Host: I am surprised that you said time, but I must agree with you that it is indeed a great challenge to handle all tasks in a timely manner. Let’s go back to Twitter for a moment. If you could you share one or two growth hacks, what would it be?
Gareth: As for Twitter growth, you want to build your following. There are many tools to help you with that, but it is difficult to find the best ones. I use CrowdFire for following inactive people, but for actually growing your account I apply several methods. I did write a blog post about this, on how I grow my twitter account as well. I basically look at different accounts then I research and find different ones which are influencers. I would then add them to a private list on Twitter and pretty much identify their follow ratio, if they are good followers, if their accounts are good. I then give them a follow and engage with their account like, by possibly retweet, give them a like on their content, tweet at them etc. That’s build a targeted following rather than following just anyone. You just don’t want to follow anyone, you want to only build targeted following. When you create posts and publish them you actually want to get a lot of engagement, where if have a targeted followers like I do on my account you can much always get engagement on your posts. That is my main growth hack, to find influencers that are big accounts that, add them to a private list on twitter and go through those accounts following some of them. Follow them as long as they are suitable. I use CrowdFire, Tweepy any other tools which then un-follow people if they don’t follow back in a set amount of days, which is usually about 5 to 10 days. If people find the content interesting they are more likely to give you a follow, but if you just posting content where you are trying to get sales then they are not likely to follow back. I think it is about 80 to 20 , 80% of your content should be just blog posts and other content and then 20% should be your sales posts, which you then can feed through now and then. Personally, I am not selling anything so pretty much all of mine is helpful advice etc.
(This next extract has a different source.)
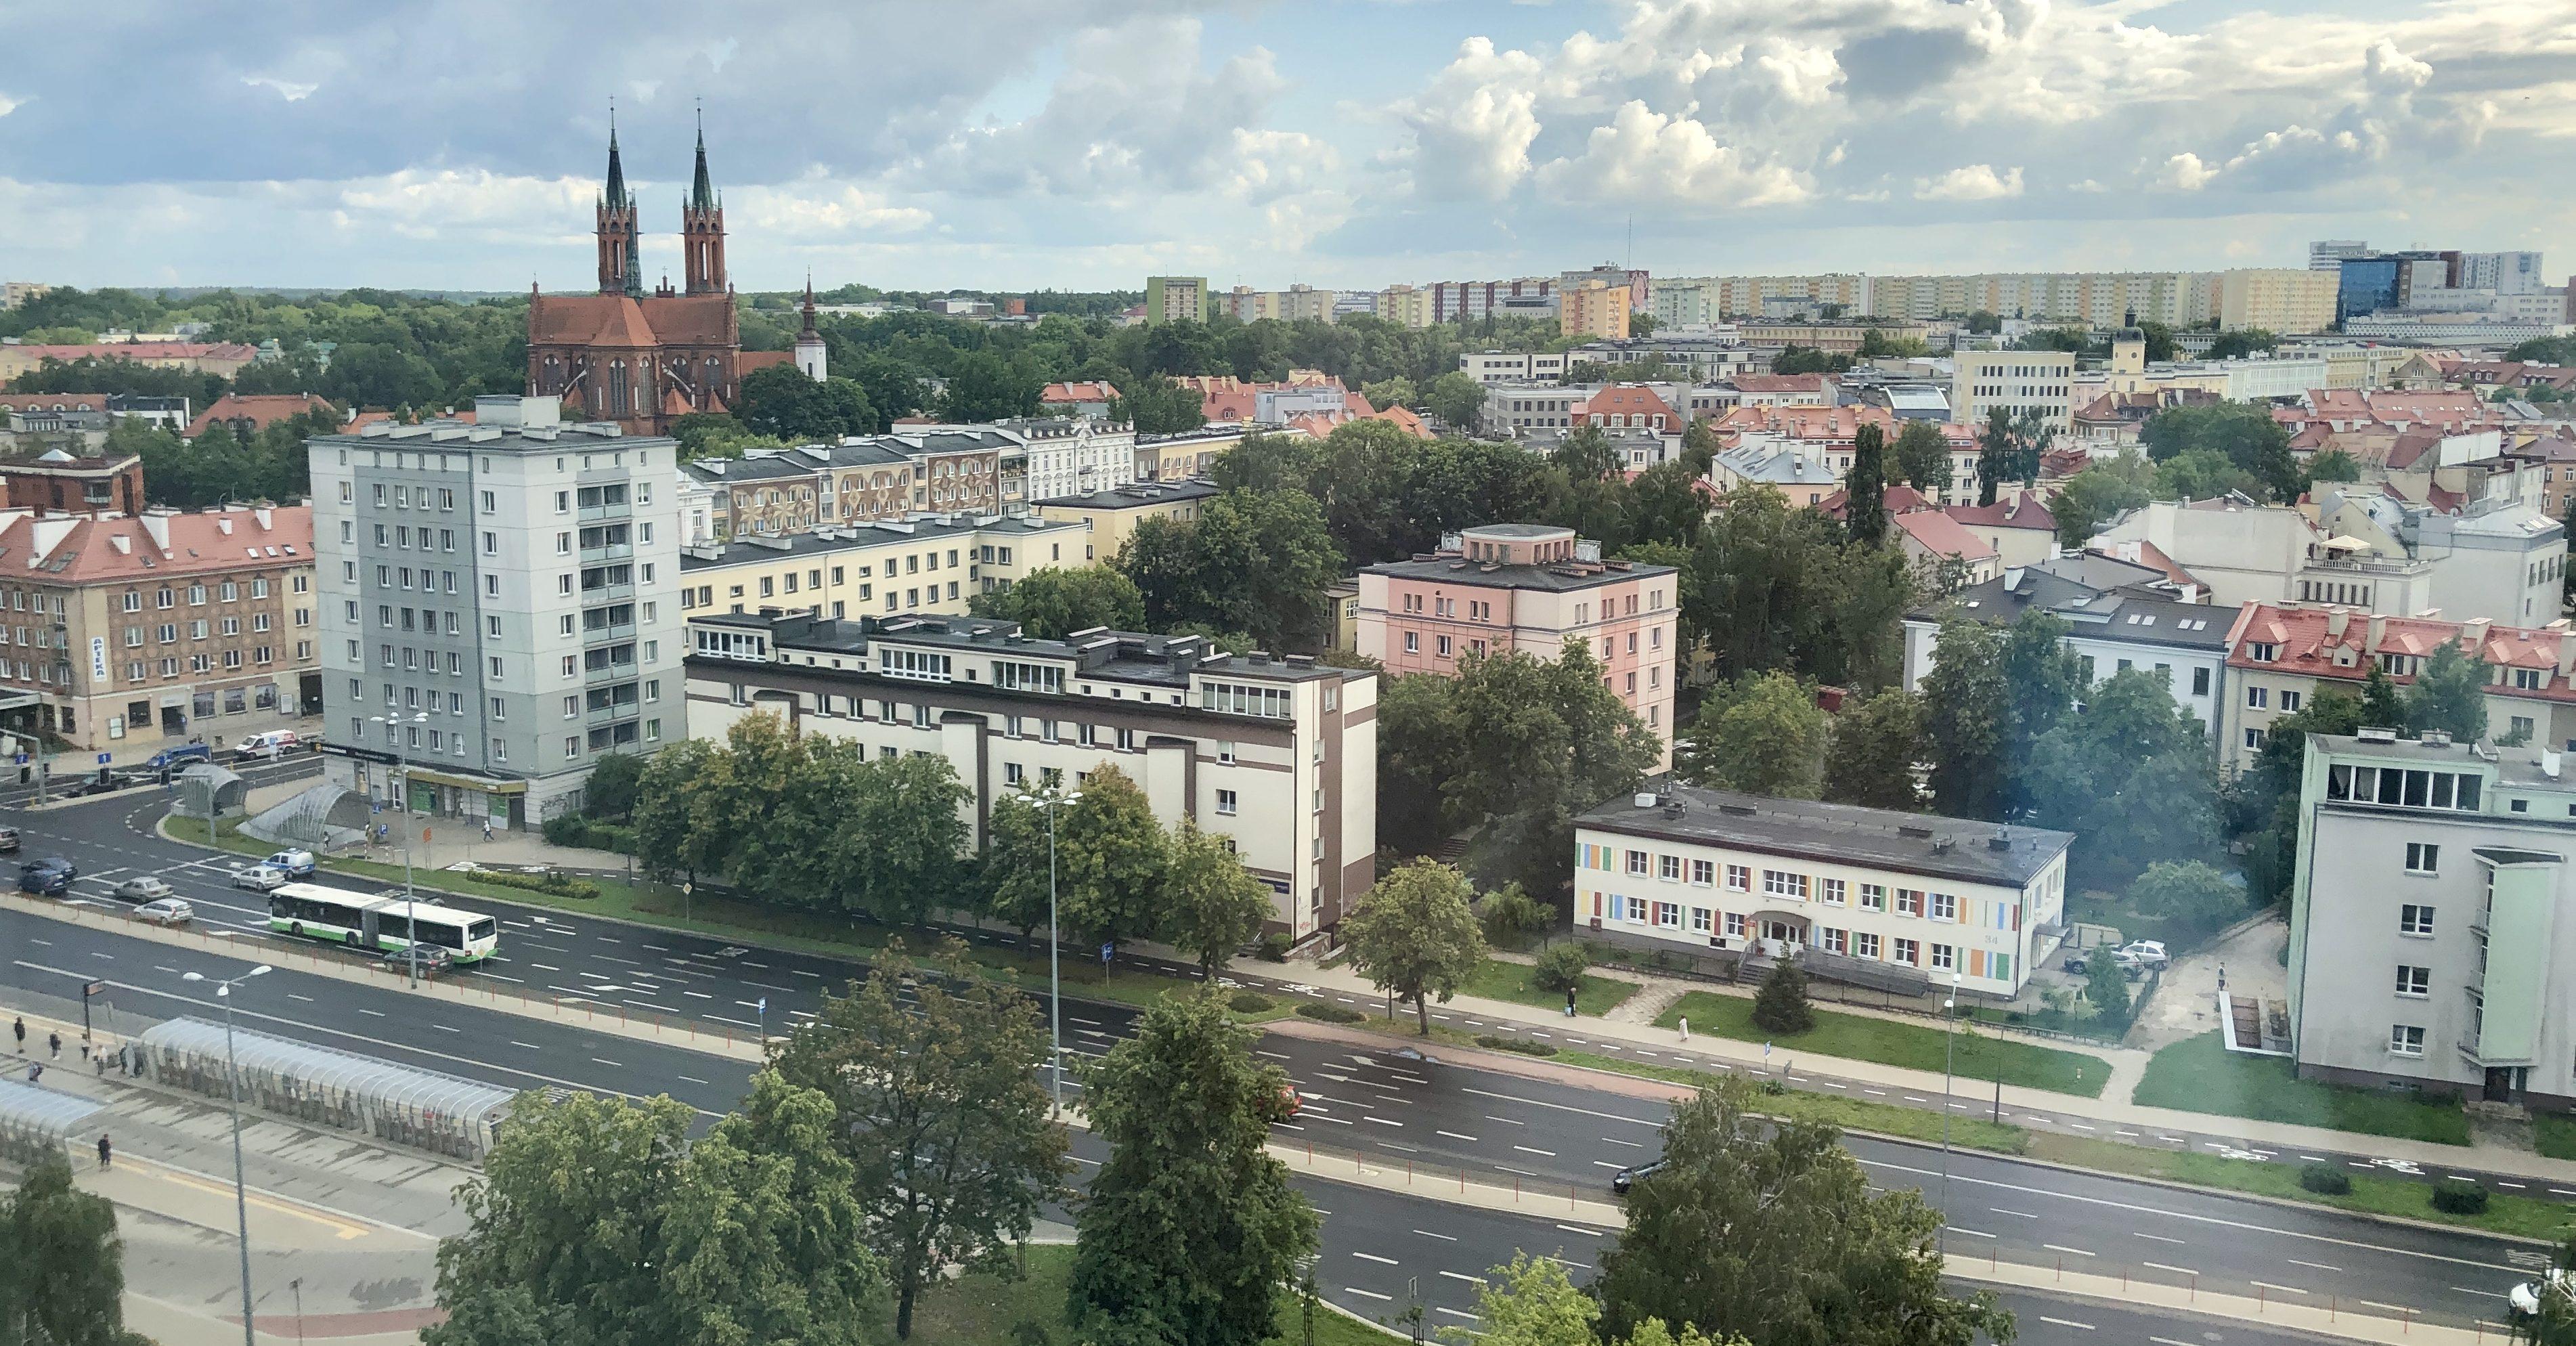 Blick vom Hotel auf das Centrum von Bialystok

Host: That is definitely a very useful tip. When will we see your newest article on your blog? I am looking forward to see a new one.
Gareth: I have one in draft at the moment. I literally just need to put in one more point. It is about Facebook, how to get a lot of engagement, how to post at the right time etc. Probably, I could publicise that tonight, or this should be published by the time this podcast will have been published.
Host: We will paste a link to your blog below the interview. I want to thank you very much for your time. It was great talking to you.
Gareth: thank you for having me here as well.